I'm not so jaded. For me, it's heavenly up here, in Beaumont en Auge.
And the village itself? Not sure how any of us felt about the MOST CHARMING label. Here, take a look:
It was pretty alright, but then, so many of these villages are lovely. And besides, we were too hungry to chew over the matter of labels. We wanted dejeuner (lunch)! We find the one open eatery and settled in among the men and women of Beaumont en Auge. Here, you see mostly muscled men. I assure you, at some tables, there were women. An older mother and her son, both with their dogs. A couple. And us.
The food? Here are my choices:
(The hearty men ate heartier dishes -- meats and gizzards and such; I didn't notice the plates of the mother and son, but I did note that one of their dogs liked a morcel, and French dogs are fussy so I am certain it was good.)
Afterwards, well, one had to get back. There was mention of a taxi maybe, but that thought drifted toward the sea as Beaumont was low on taxi stands. In villages of about 52, you just don’t have much use for cabs.
More fruitful shopping, so to speak (I'm feeling so clever now, long after midnight) was accomplished at a local clothing store where everything was tres cheap and billowy and cottony. Sort of like this frock (in an antique shop next door), except much more au currant:
In Pont l’Eveque, we compensated for the absence of cheese makers (they’re all outside the town, which figures as cheese makers are often where the milk is) by visiting a Calvados distillery. We sampled the stuff, but I myself will admit to not appreciating anything that is that potent and so one of us purchased small quantities for gift purposes while the others delighted in being offered free samples of everything in very large glasses.

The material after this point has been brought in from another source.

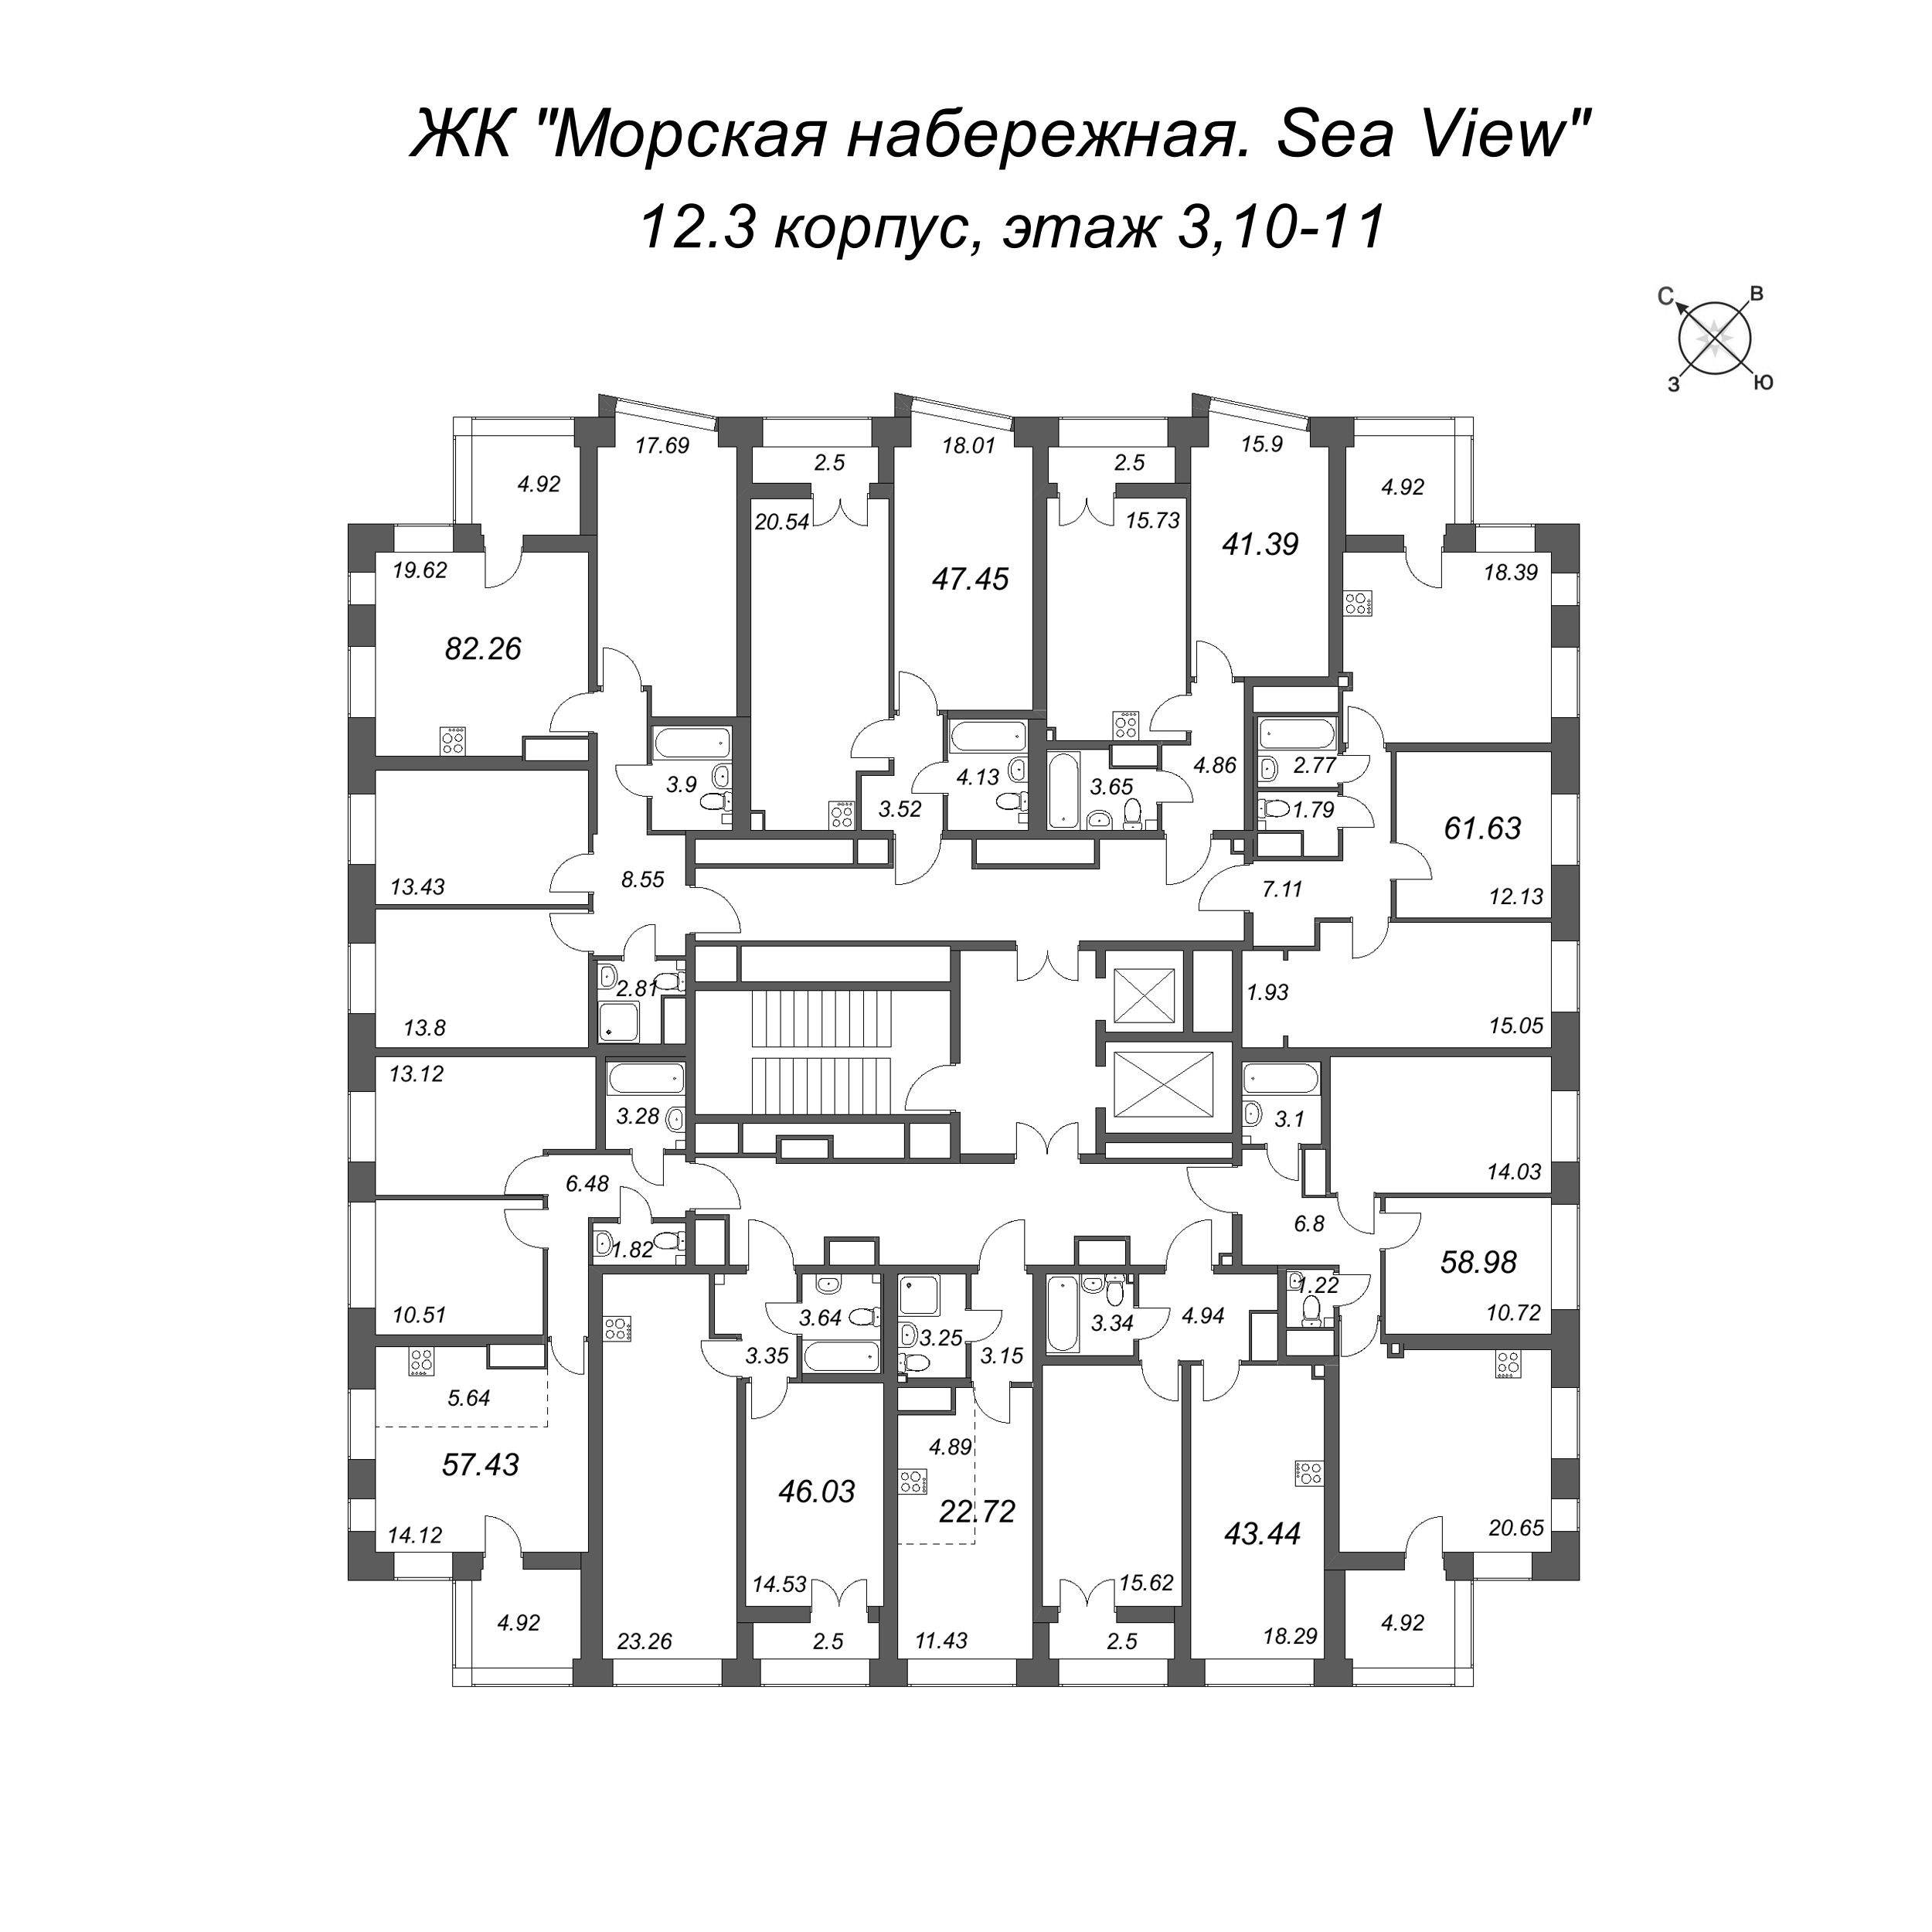 4-комнатная (Евро) квартира, 82.26 м² в ЖК "Морская набережная. SeaView" - планировка этажа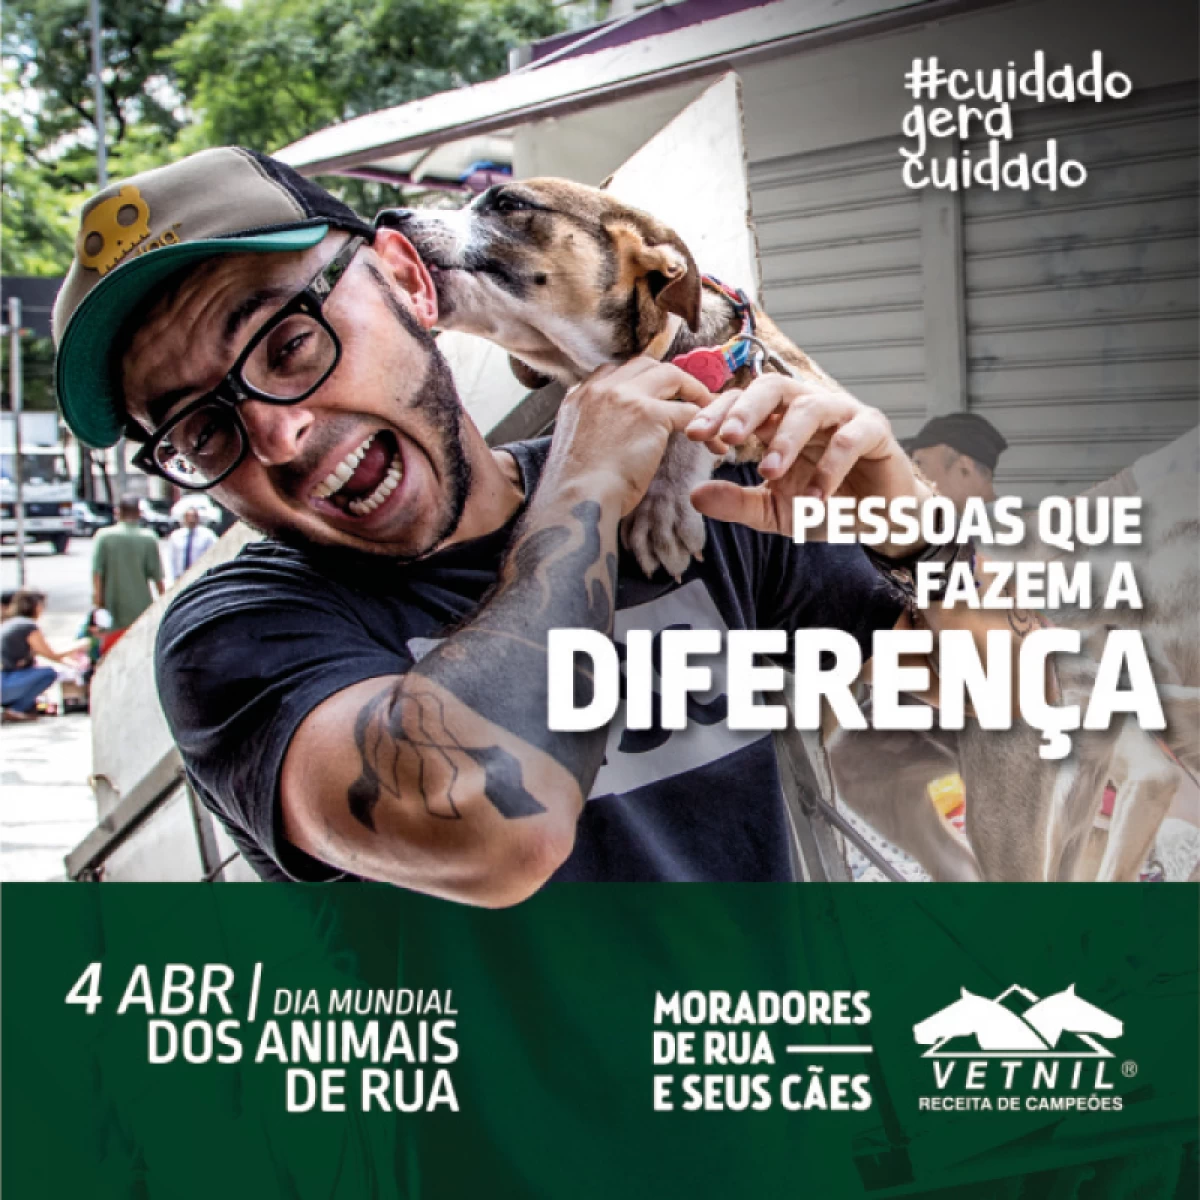 Moradores de Ruas e Seus Cães - Pessoas que Fazem a Diferença

And then it was time to leave. Except, perhaps you have not been reading this blog carefully or for a long time and so you do not know that I am notoriously inaccurate in reading French bus schedules. I always miss the pertinent piece of information, like that the bus takes a vacation on Wednesdays and this happens to be Wednesday, or that the bus does not stop at this particular stop on any evening run and here we are – stupidly waiting at evening time.
The point is, it took almost as long to finally get ourselves on the seats of a bus to Honfleur as it takes a meringue to bake to a fine crisp texture.
Back in our home town, we bought Pont l’Eveque cheese and many other things and one of us opened her secret bottle of champagne (well, not too secret – everyone at the b&b knew about it after all) and we ate and chatted until I pushed back my chair and retired, to go off and post. Loyal to Ocean readers, to the core.